Almost everyone these days is trying to get a piece of generative AI work. While most of the focus remains on model vendors like OpenAI, Anthropic, and Cohere, or large corporations like Microsoft, Meta, Google, and Amazon, there are actually many startups trying to attack the generative AI problem in a variety of ways. method.
Fireworks.ai is one such startup. Although it lacks brand awareness compared to some other players, it boasts the largest open source model API, with over 12,000 users per company. This kind of open source traction tends to attract investor attention, and the company has raised $25 million to date.

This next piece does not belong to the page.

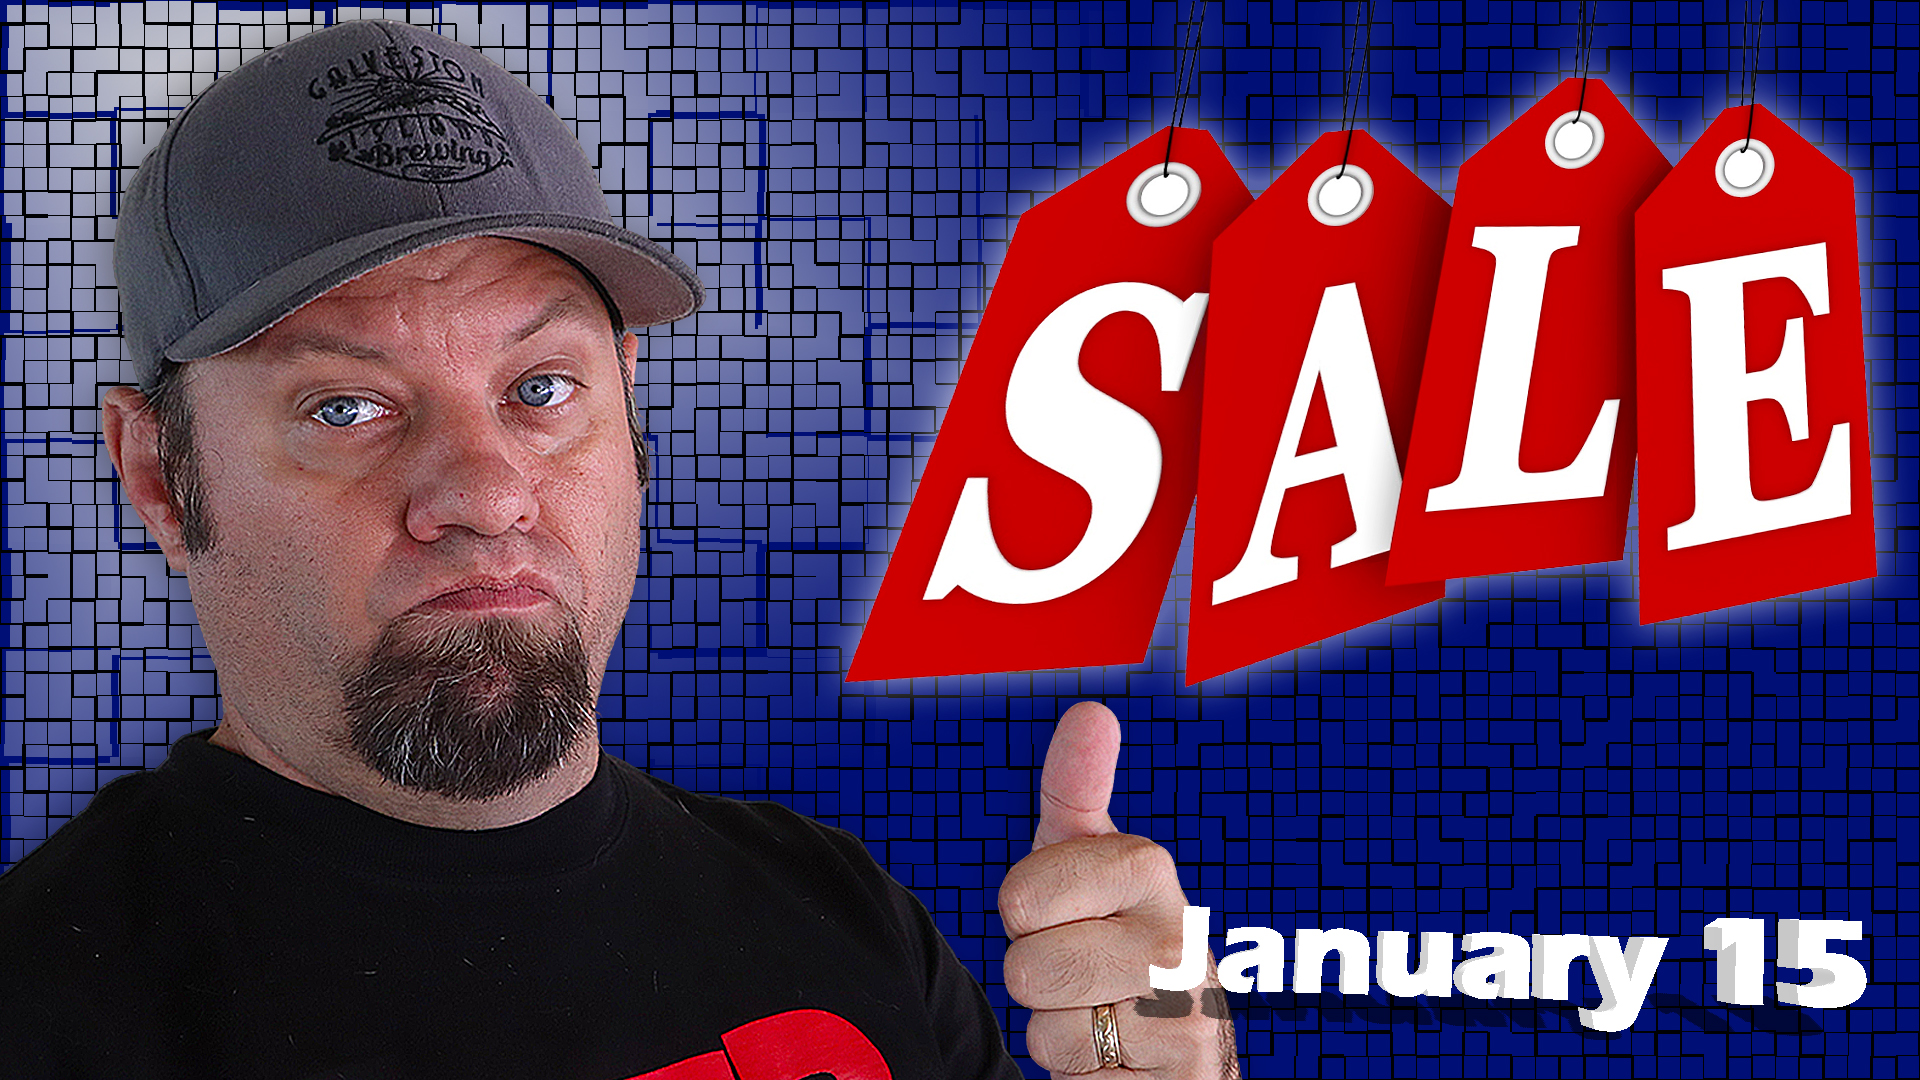 Episode 532: Ham Radio Shopping Deals for January 15th
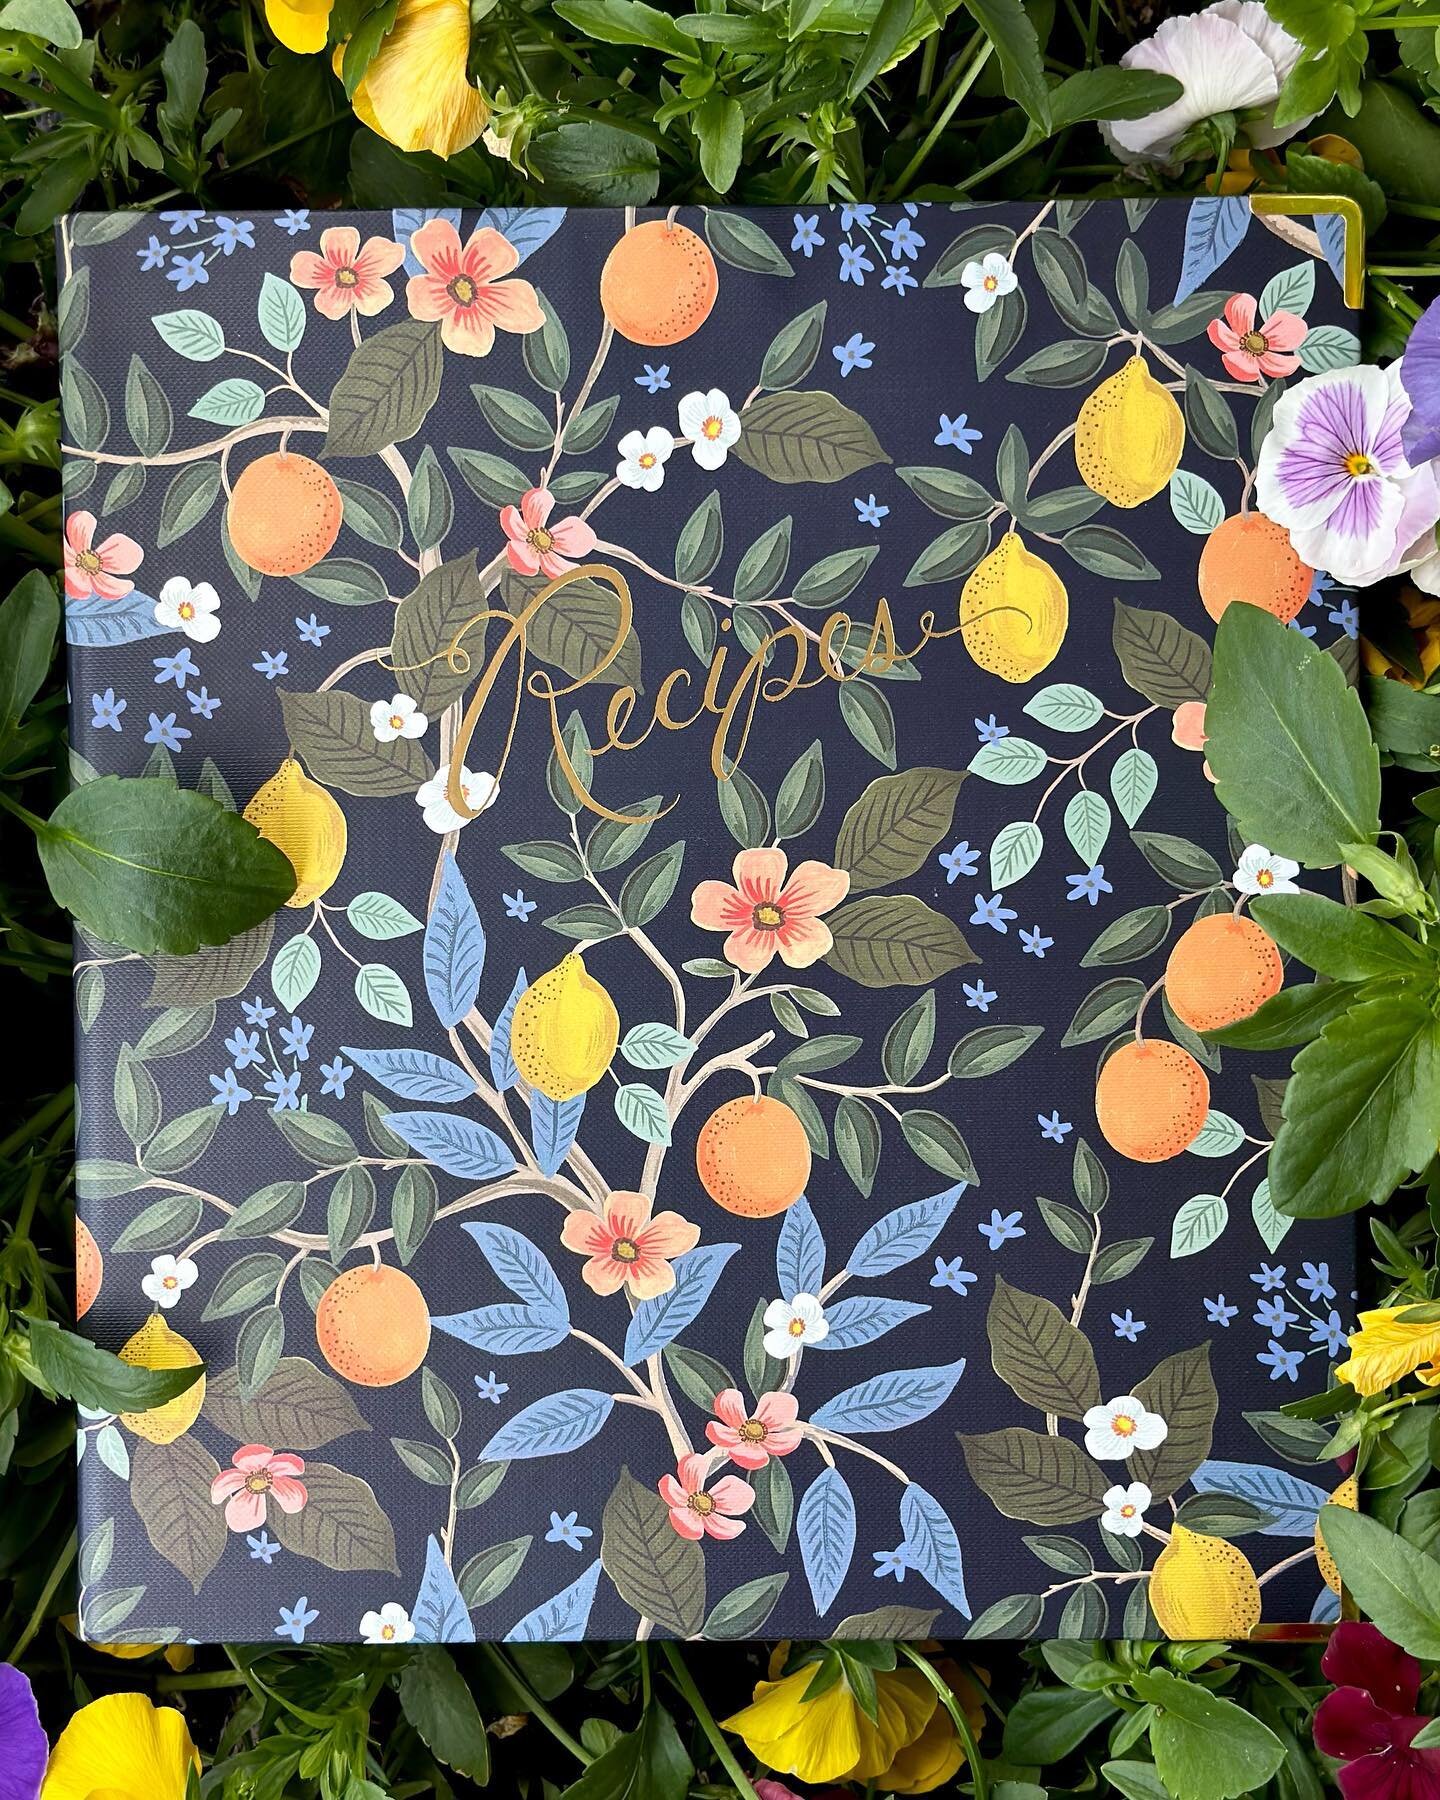 We have been searching for recipe binders that were beautiful and FINALLY, we are so excited that @riflepaperco has put one out. Not too old fashioned, not too modern, simply classic and smile inducing - this makes a wonderful gift for Mom&rsquo;s, b

Lin Qiao, co-founder and CEO of Fireworks, points out that his company is not teaching a foundational model from scratch, but rather helping to fine-tune other models to fit the specific needs of the business. “It could be an off-the-shelf model, an open source model, a model that we adapt, or a model that customers can adapt themselves,” he said. All three varieties can be provided through the inference engine API,” Qiao told TechCrunch.
Because it’s an API, developers can connect it to their applications, get selection models trained on their data, and add generative AI features like asking questions very quickly. Qiao says this is fast, efficient and produces high-quality results.
Another advantage of the Firework approach is that it allows companies to experiment with multiple models, which is important in a rapidly changing market. “Our philosophy is to help users iterate and experiment with multiple models and provide effective tools to inject data into multiple models and test products,” she said.
Perhaps more importantly, it reduces costs by limiting model size to 7 to 13 billion tokens, compared to over 1 trillion tokens in ChatGPT4. This limits the range of words that large language models can understand, but allows developers to focus on much smaller, more focused datasets designed to work on more limited business use cases.
Qiao’s previous experience working at Meta makes him uniquely qualified to build such systems, and he leads the AI platform development team with the goal of building a fast and scalable development engine that will power AI across all of Meta’s products and services. . Her work at Meta gave her this knowledge and allowed her to create API-based tools that provide this kind of functionality to any company without requiring the level of engineering resources of a company the size of Meta.
The company raised $25 million in 2022, led by Benchmark, with participation from Sequoia Capital and angel investors including Databricks and Snowflake. The latter is a particularly interesting strategic investor because both are data storage tools, and Fireworks allows users to put that data to work.